Receipts & onPaid
Introduction
Section titled “Introduction”A gate verifies a payment on-chain, then needs to do something with it — fulfil an order,
log the spend, increment a counter. The onPaid callback is where that happens, and the
X402Receipt it hands you is the verified record of the payment:
amount, asset, payer, and the settled transaction id. Everything in a receipt was re-derived from
your own trusted accept during
verification, never taken from the client.
The onPaid callback
Section titled “The onPaid callback”Pass onPaid to requirePayment or
createPaymentGate. It fires once, after verification succeeds and the proof has been
recorded as used — so by the time it runs, the payment is real and replay-safe:
requirePayment({ chain: 'base', token: 'USDC', amount: '0.10', payTo: '0xYourWallet', onPaid: (receipt) => console.log('paid', receipt.amount, 'tx', receipt.transaction), // receipt.amount is base units ("100000"); receipt.transaction is the settled on-chain tx id})It receives the X402Receipt and returns nothing. A throw inside onPaid is swallowed — a
logging hook can never break the request or hold up the response:
onPaid: (receipt) => { fulfilOrder(receipt.payer, receipt.amount) // even if this throws, the payer still gets a 200}The X402Receipt
Section titled “The X402Receipt”The receipt is the verified settlement record, identical for both the onchain-proof and
exact rails:
interface X402Receipt { scheme: 'onchain-proof' | 'exact' success: true // always true — a failed verification is a 402, never a receipt network: Caip2 // CAIP-2 network id, e.g. 'eip155:8453' transaction: string // the SETTLED on-chain tx id (see below) asset: AssetId // the token paid: a 0x… address, an SPL mint, or 'native' amount: string // base units (already scaled by decimals) payer: AddressId // who paid payTo: AddressId // your receive address, re-derived from the trusted accept verifiedAt: string // ISO timestamp of verification}| Field | What it is |
|---|---|
transaction | The on-chain id of the settled payment — an EVM/Tron/Stellar/XRPL/NEAR tx hash, a Solana signature, or a Sui digest. This is the verified tx itself, not the submit-time proof ref. |
amount | Base units. Divide by the token’s decimals to render it (e.g. 100000 USDC = 0.10). |
asset | The asset id — 'native' for the chain’s coin, otherwise the chain-specific token id. |
payer | The address the payment came from, read off-chain during verification. |
Recording a settled payment
Section titled “Recording a settled payment”The two fields you almost always want are amount and transaction — the how much and the
proof on-chain. Together with payer they’re enough to credit an account or fulfil an order:
onPaid: (receipt) => { db.insert('payments', { payer: receipt.payer, asset: receipt.asset, amount: receipt.amount, // base units tx: receipt.transaction, // the settled on-chain id network: receipt.network, at: receipt.verifiedAt, })}Because transaction is unique and onPaid only fires after the gate’s
replay store has claimed the proof, it doubles as an
idempotency key — the same payment can’t drive two onPaid calls on one instance.

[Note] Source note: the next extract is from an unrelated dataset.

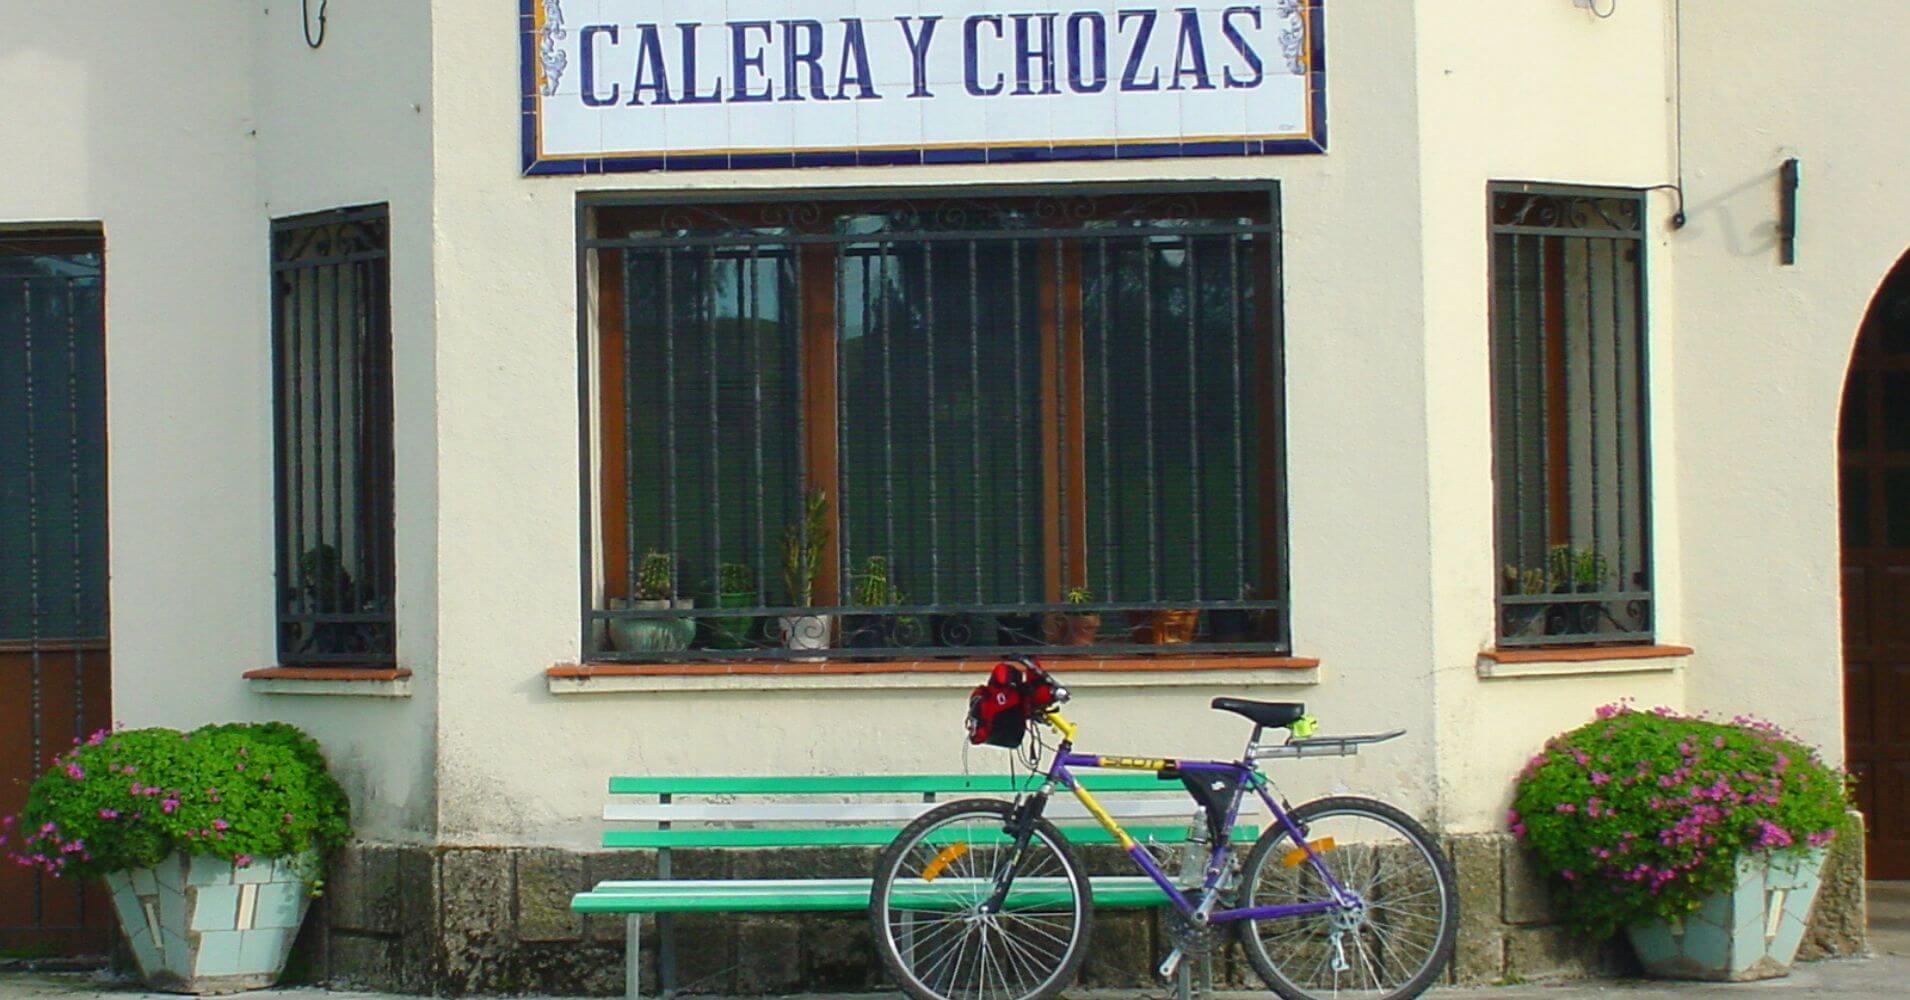 Estación de Calera y Chozas. Toledo, Castilla la Mancha.

Hand-rolled servers — buildReceiptHeader
Section titled “Hand-rolled servers — buildReceiptHeader”If you’re driving createPaymentGate yourself rather than using the Express middleware, the
'paid' result already carries a ready-to-send header in result.receiptHeader. Set it under
both the v2 and v1 response header names so any client reads it. Accept the inbound proof from
either the v2 payment-signature header or the legacy v1 x-payment header — the gate
parses both:
import { createPaymentGate, SettlementError, HEADER_SIGNATURE, HEADER_SIGNATURE_V1, HEADER_REQUIRED, HEADER_RESPONSE, HEADER_RESPONSE_V1,} from '@piprail/sdk'
const gate = createPaymentGate({ chain: 'base', token: 'USDC', amount: '0.10', payTo: '0xYourWallet' })

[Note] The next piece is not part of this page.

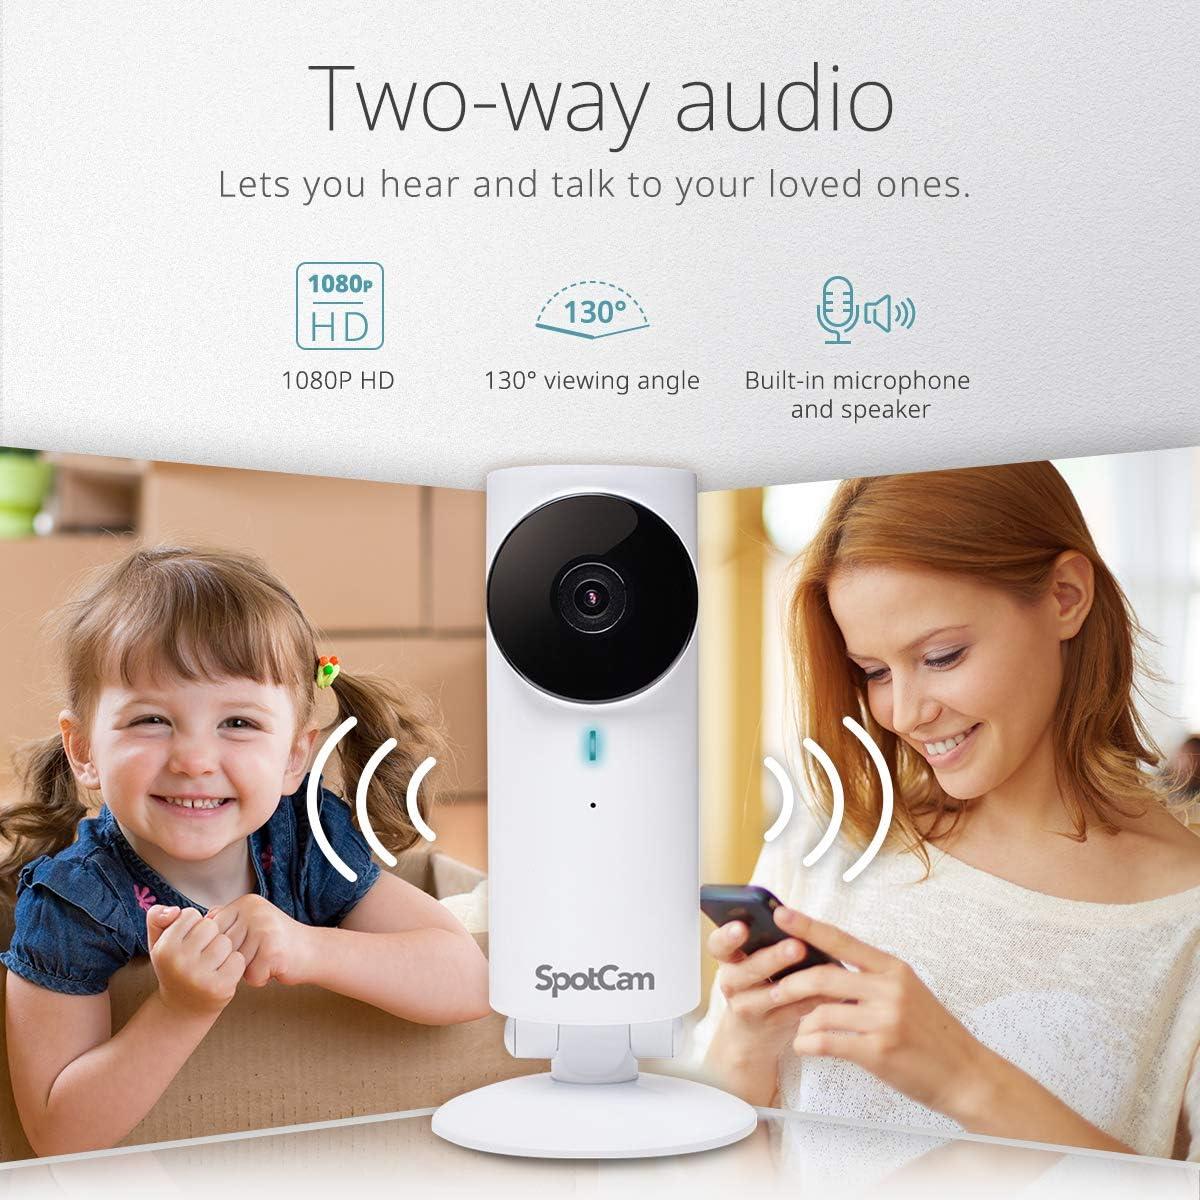 Spotcam Fhd 1080p Kabellose Sicherheitskamera Für Die Computer Zubehör

let resulttry { result = await gate.verify(req.headers[HEADER_SIGNATURE] ?? req.headers[HEADER_SIGNATURE_V1]) // → { kind: 'paid', receipt, receiptHeader } on a verified, unused proof // { kind: 'challenge', challenge, requiredHeader, statusCode: 402 } no proof yet // { kind: 'invalid', error, detail, challenge, requiredHeader, statusCode: 402 } rejected proof} catch (err) { // ONLY the optional `exact` rail throws: a server-side settle failure (relayer out of gas, // facilitator down) is NOT the payer's fault — reply 5xx, never a 402 (which says "re-pay"). if (err instanceof SettlementError) { res.statusCode = 502 res.end(JSON.stringify({ x402Version: 2, error: 'settlement_failed', detail: err.message })) return } throw err}
if (result.kind === 'paid') { res.setHeader(HEADER_RESPONSE, result.receiptHeader) res.setHeader(HEADER_RESPONSE_V1, result.receiptHeader) // legacy x-payment-response // ... serve the resource} else { // 'challenge' (first hit) or 'invalid' (rejected proof) — both carry `challenge` res.setHeader(HEADER_REQUIRED, result.requiredHeader) res.statusCode = 402 res.end(JSON.stringify(result.challenge)) // always send result.challenge — it carries accepts[]}For a fully bespoke flow where you already hold an X402Receipt and need to encode it yourself,
buildReceiptHeader is the raw codec — base64 JSON of the receipt, the inverse of the client’s
parseReceipt:
import { buildReceiptHeader, HEADER_RESPONSE } from '@piprail/sdk'
const receipt = result.receipt // an X402Receipt from a 'paid' gate.verify() resultres.setHeader(HEADER_RESPONSE, buildReceiptHeader(receipt))// → 'eyJzY2hlbWUiOiJvbmNoYWluLXByb29mIiwic3VjY2VzcyI6dHJ1ZSwi…' (base64 JSON)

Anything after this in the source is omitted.